Third, the method of evaluating treatment response in imaging and pathology is important. Although no significant differences between WHO and RECIST criteria in imaging response assessment were observed in other cancer types, multiple response criteria were used in the selected studies [52, 53]. Similarly, there are no widely accepted response assessment criteria for pathology. The most important issue in this assessment is the extent of residual DCIS. Whether or not DCIS is included in the analysis might partly explain the differences observed in MRI over- and underestimation. From a clinical point of view, it would be most interesting to assess MRI accuracy if DCIS were included in the definition of pCR, since DCIS should also be excised during surgery and identification of DCIS extension by MRI remains challenging [54].

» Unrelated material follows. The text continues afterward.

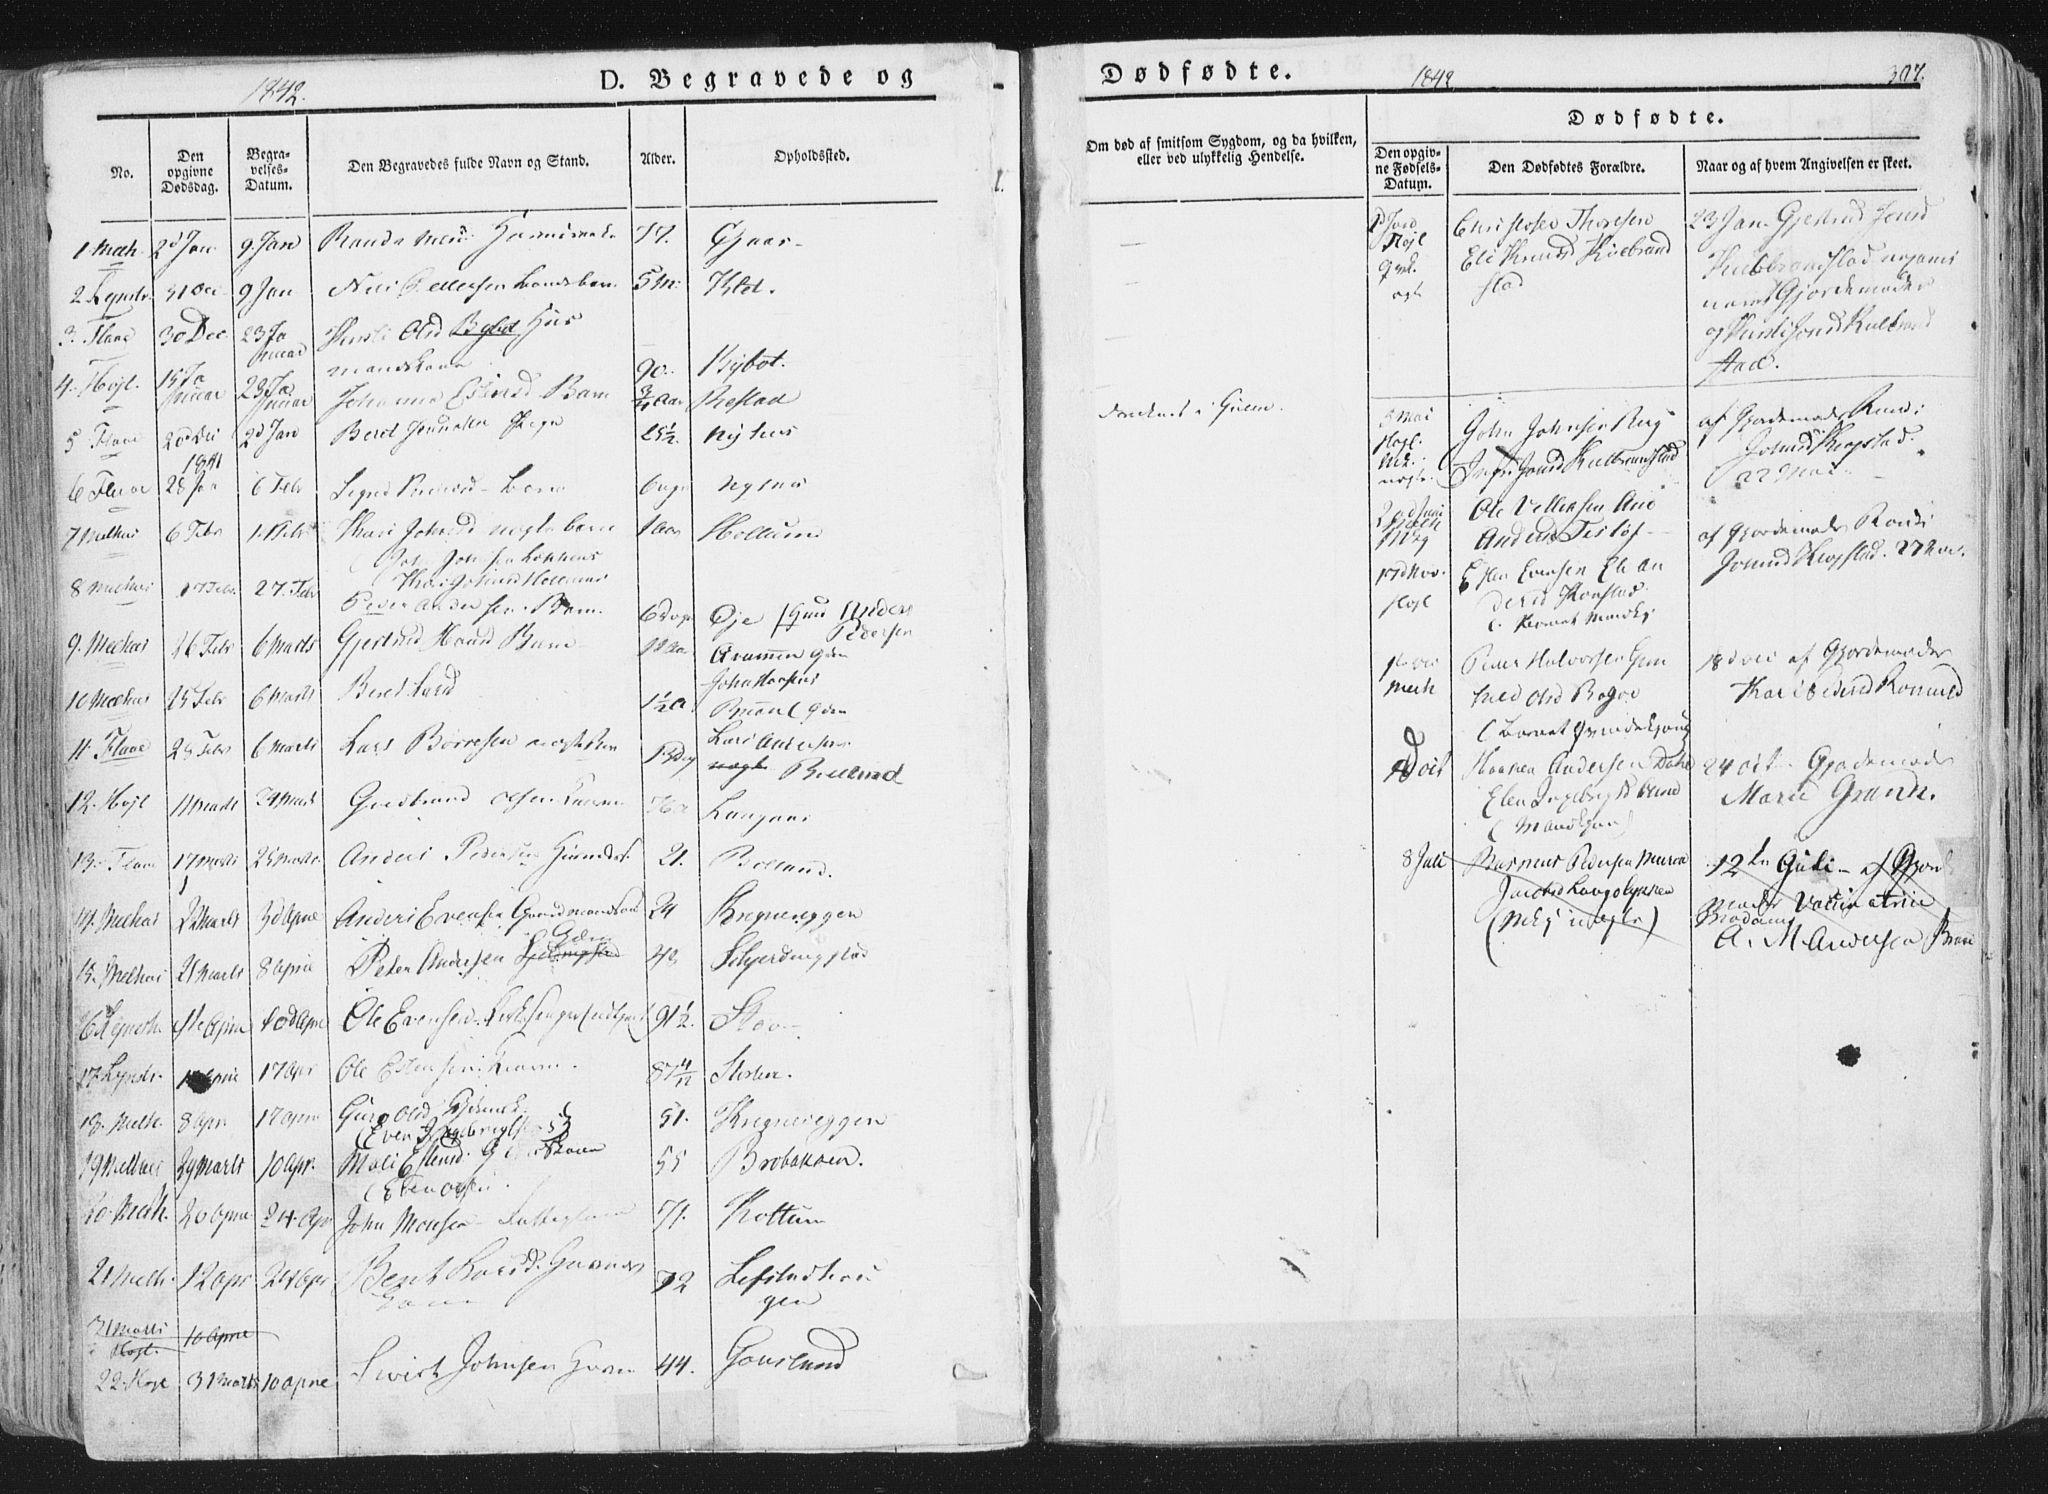 SAT, Ministerialprotokoller, klokkerbøker og fødselsregistre - Sør-Trøndelag, 691/L1074: Ministerialbok nr. 691A06, 1842-1852, s. 307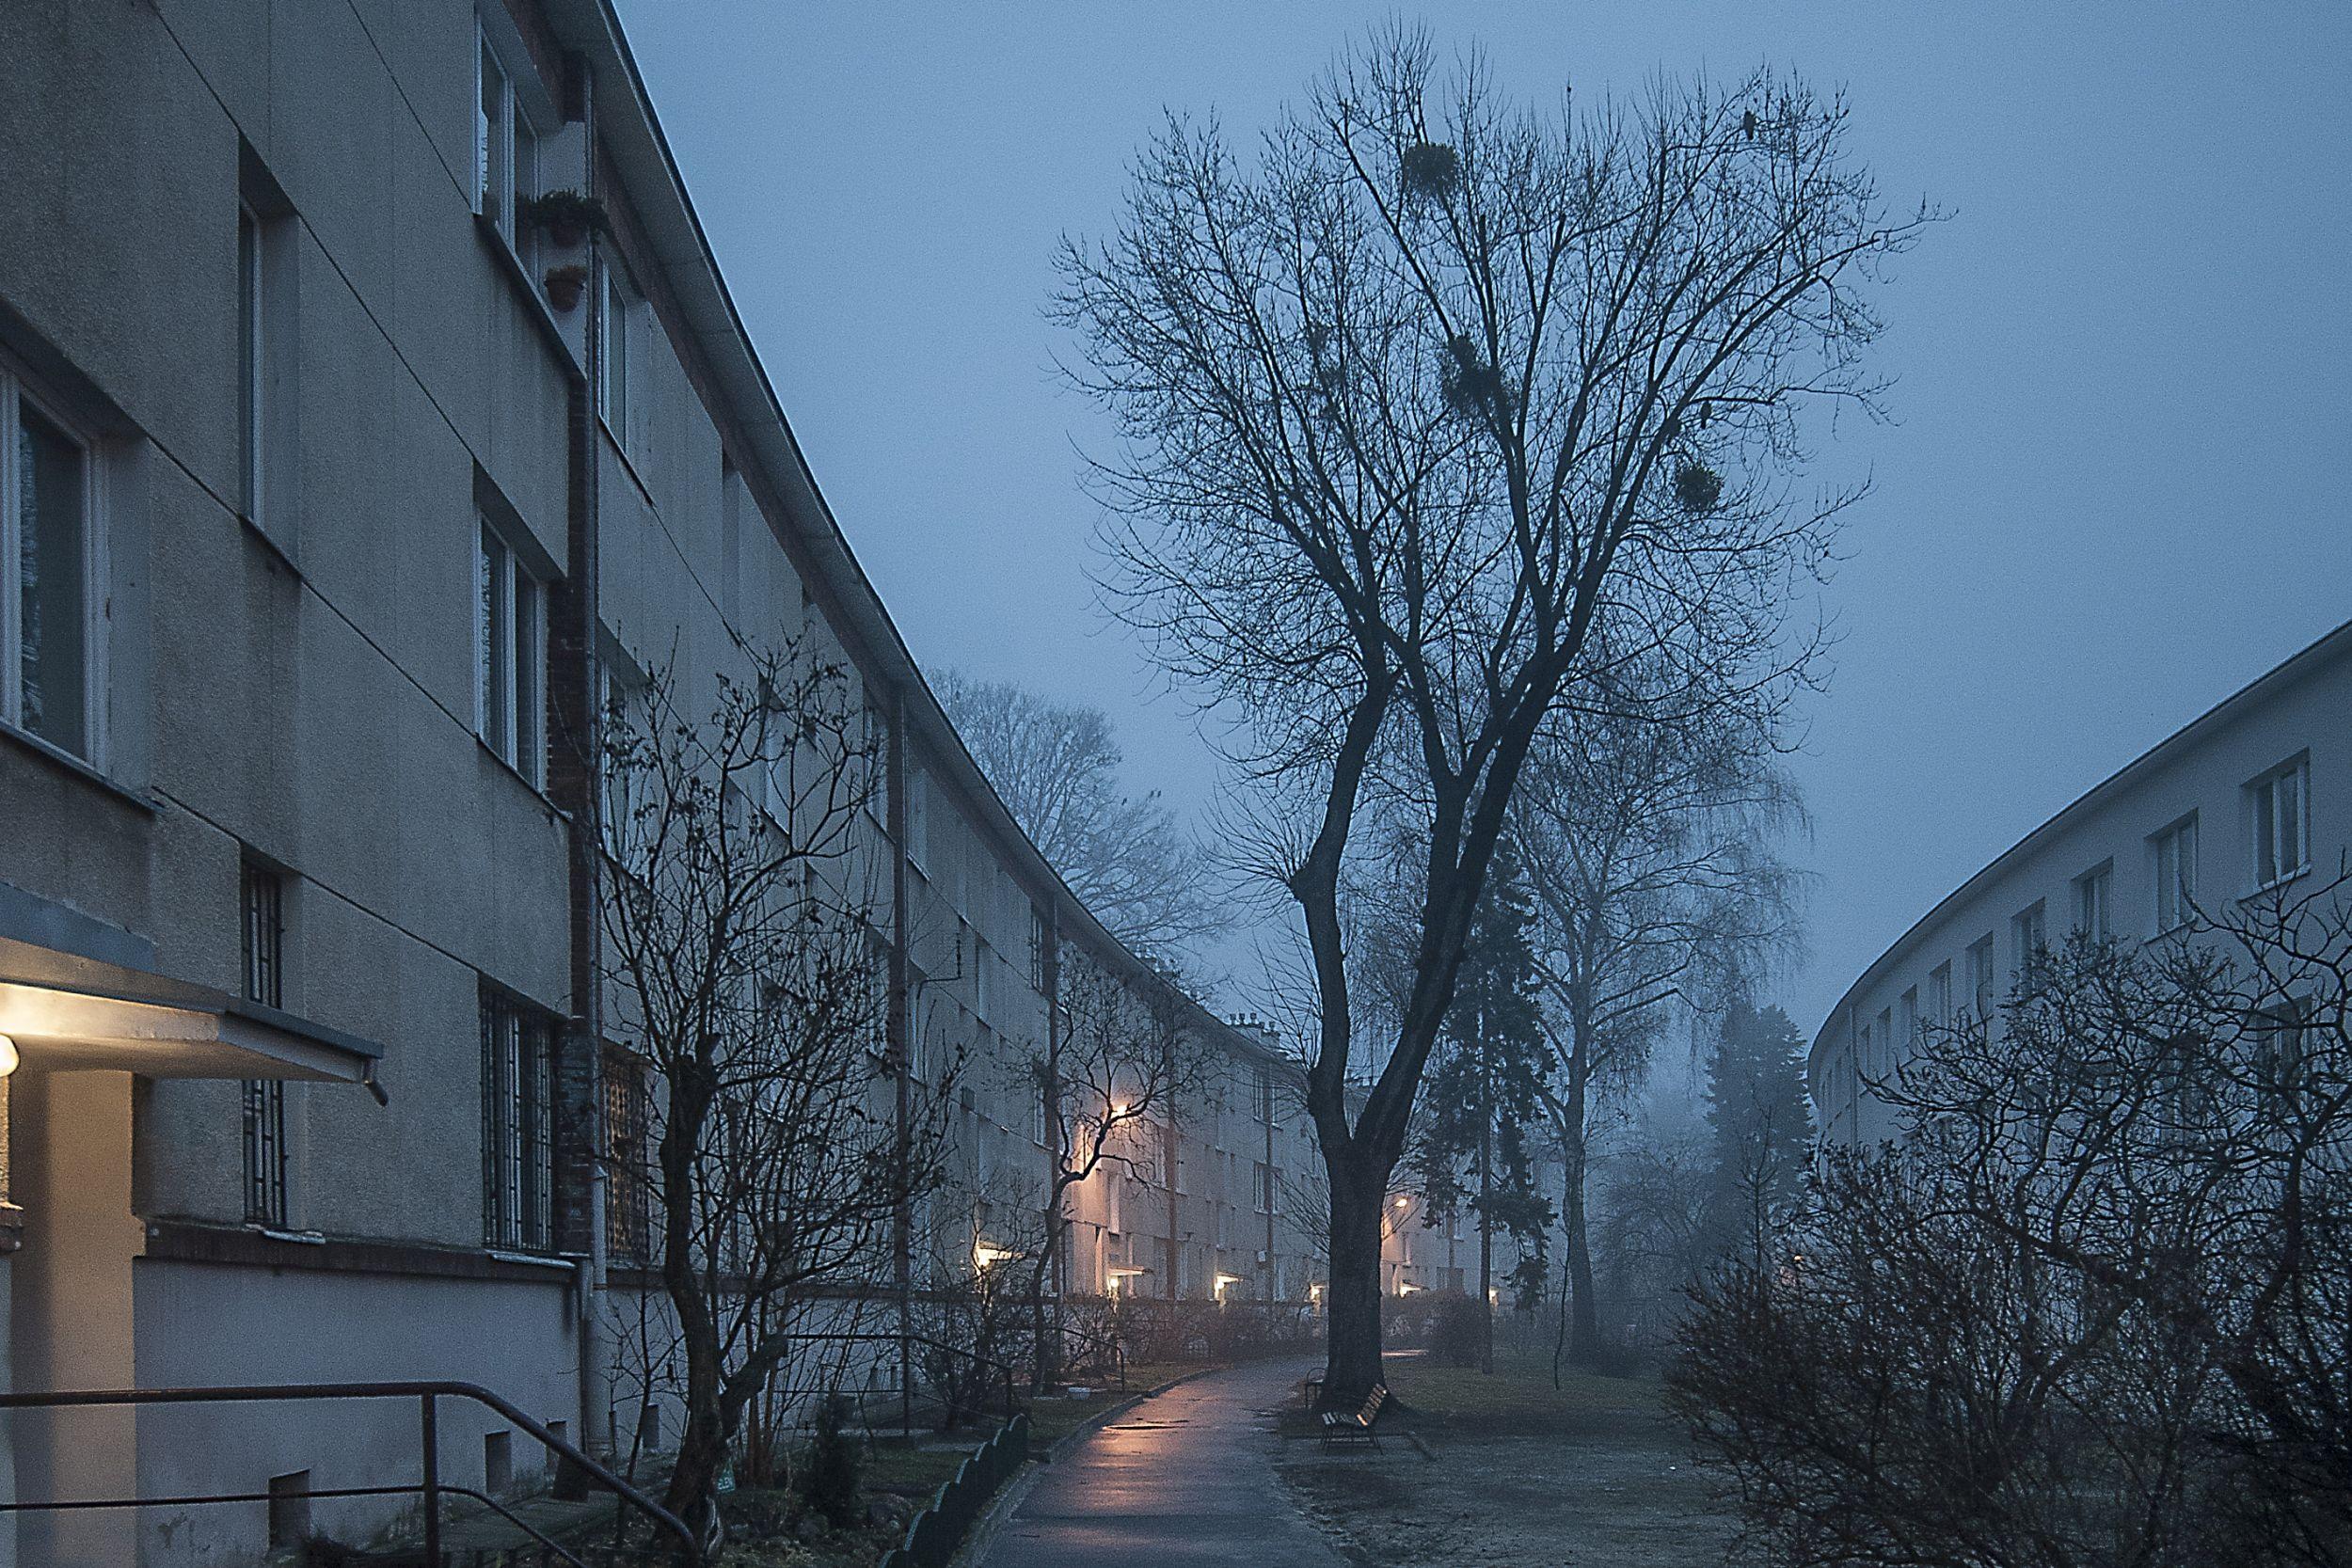 (fot. Filip Springer)

Fourth, the population size of the majority of studies is relatively small. Only four studies had a population size >100 subjects [25, 30, 36, 44] and most of the studies were single-centre studies. The statistical noise will be smaller if the sample sizes are increased in (future) multicentre studies in order to assess the true accuracy of MRI in the NAC setting with greater confidence.

In summary, breast MRI accuracy for assessing residual disease after neoadjuvant chemotherapy is good, but multiple factors, such as cancer subtype and treatment regimen, can influence MRI accuracy and should be considered in clinical decision making. Both overestimation and underestimation can be observed and might have important clinical impact. Clinical decision making based on MRI results should therefore be made prudently with these limitations in mind. Regardless of the many potential confounders described in this review, we feel that assessment of NAC response with MRI is promising and ready for more multicentre studies that are able to address these shortcomings.